Direct-to-home platform Orbit Satellite Television and
Radio agreed to lease six transponders on the ArabSat 3A satellite that was launched last
month.

At the same time, Arab Radio & Television -- another
pay TV platform and Orbit's archrival -- also said it will lease three transponders
on the satellite. And Star Select, which Orbit distributes, will transmit via ArabSat,
too.

The transponder agreements, which bring the bird to full
capacity, dramatically increase the strength of ArabSat and of the three platforms in the
Mideast pay TV industry.

Many viewers can now reposition their dishes, pointing at
the satellite that they wish to receive signals from. And with a big free-to-air
programming lineup, ArabSat is attracting the largest audience.

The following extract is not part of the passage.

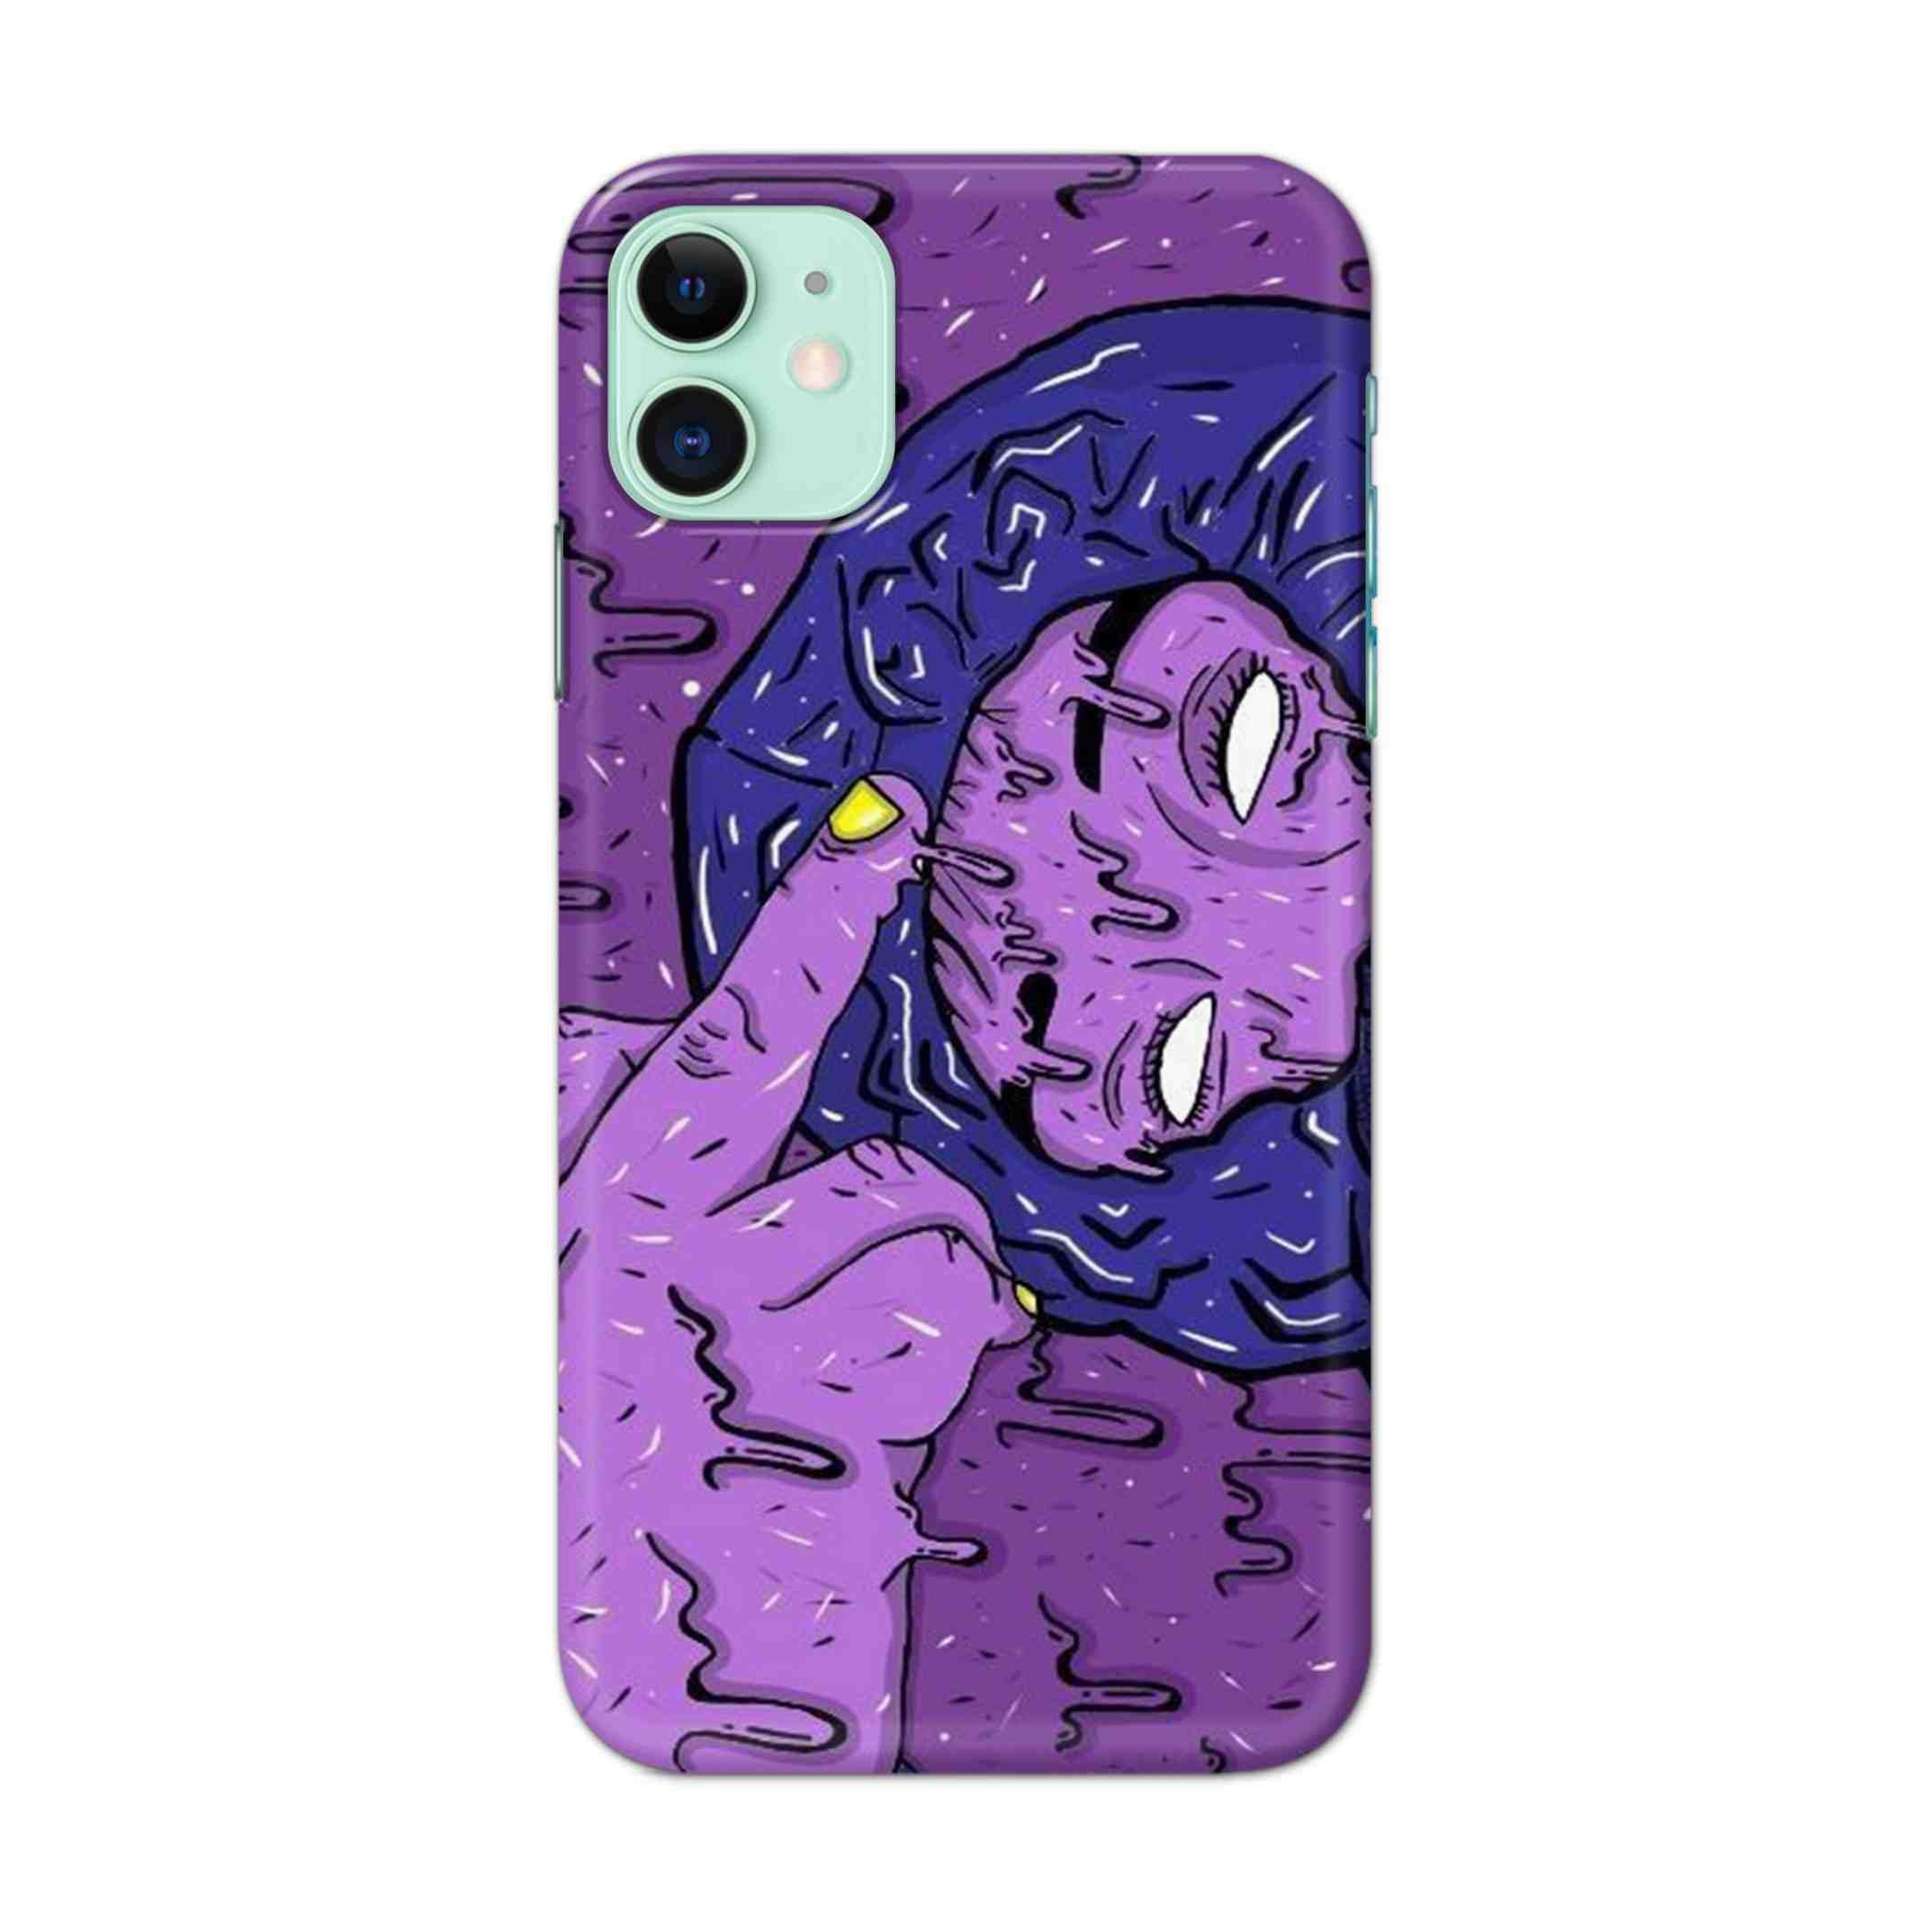 Buy Dashing Art Hard Back Mobile Phone Case/Cover For iPhone 11 Online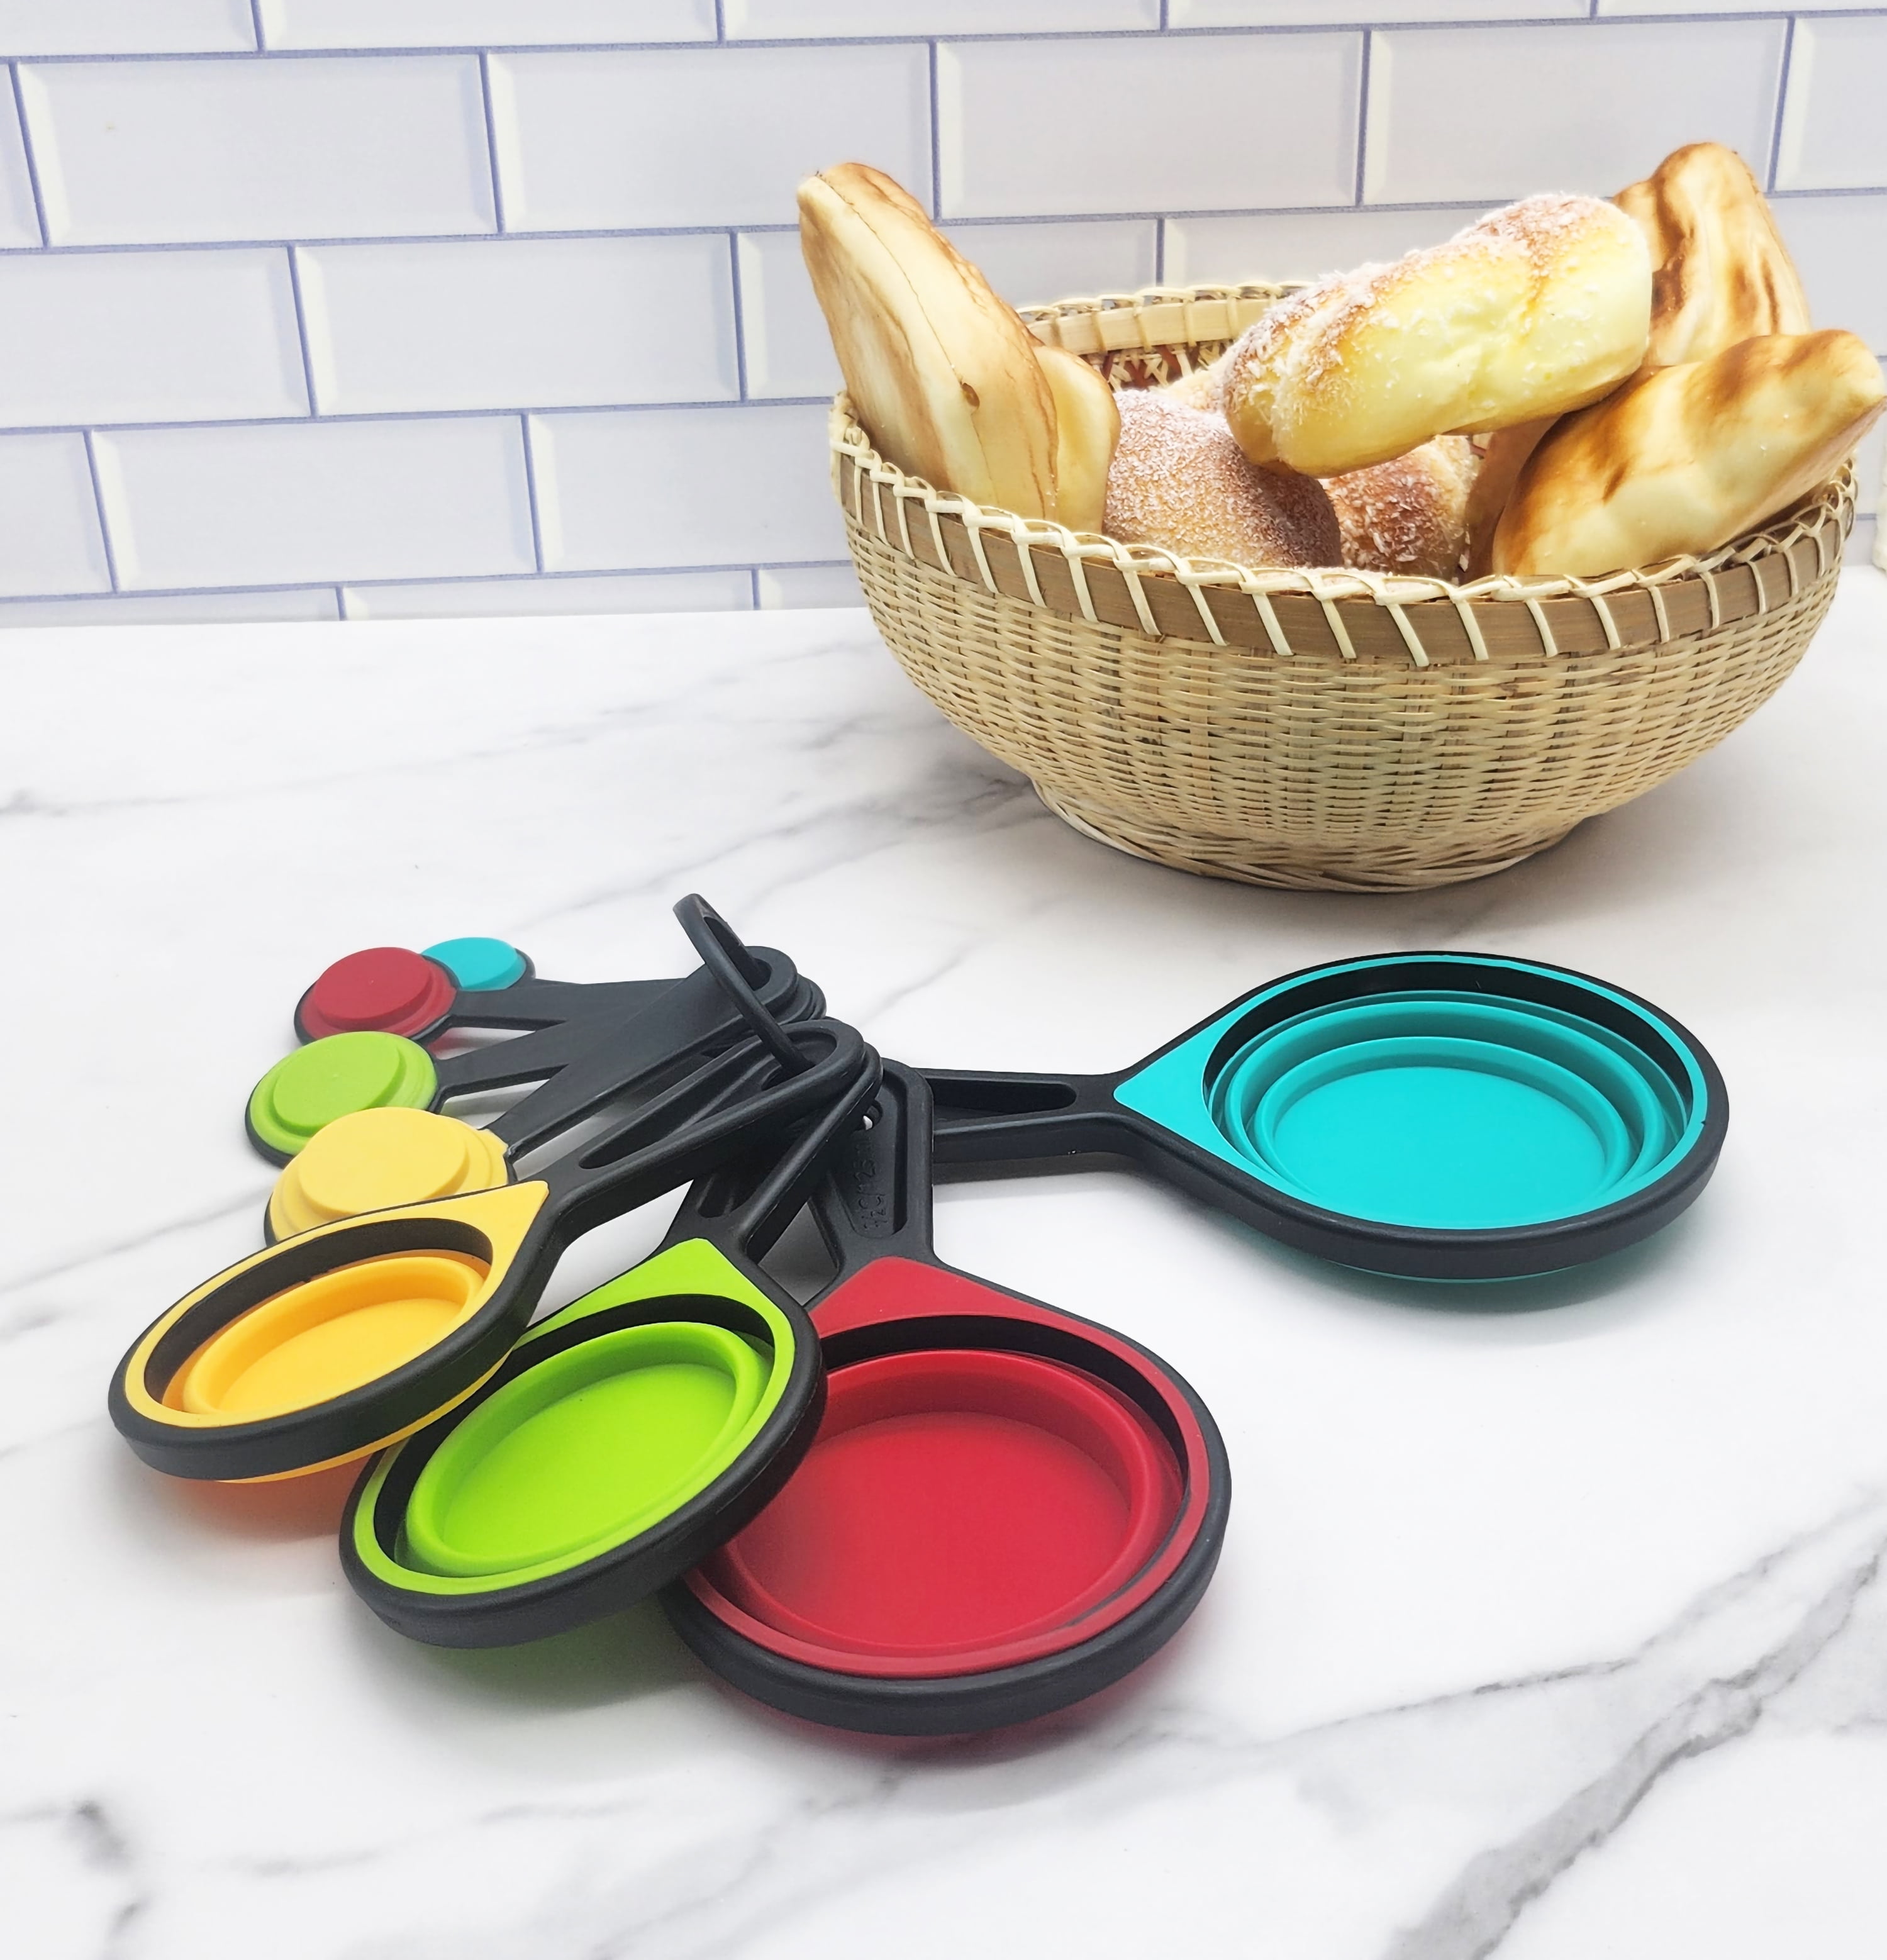 8 Piece Collapsible Measuring Cups and Spoons Set by BariatricPal

At the same time, it places further pressure on Showtime, a
Mideast pay TV platform that is part-owned by Viacom Inc. Showtime transmits via the
NileSat bird -- an important satellite, but no match for Arabsat -- and viewers could be
reluctant to redirect their dishes to NileSat because of the temporary signal
interruptions that it would cause.

Showtime executives appeared surprised to hear of
Orbit's agreement with ArabSat, but they declined to comment.

It's unclear how Showtime will counteract Orbit's
new advantage, but to its credit, it has led the region in areas like marketing, churn
reduction and customer support.

ArabSat, which launched Feb. 26, had already begun to build
an audience and a reputation as the region's "hot bird" with a lineup of 30
of the region's most popular free-to-air channels -- something that motivated Orbit,
Star Select and ART to sign their transponder deals.

The pay TV platforms boost ArabSat's lineup to about
90 networks.

ArabSat's growing strength could also weigh on
NileSat, as well as on Intelsat's New Skies unit and PanAmSat Corp., the
Mideast's other satellite-service providers.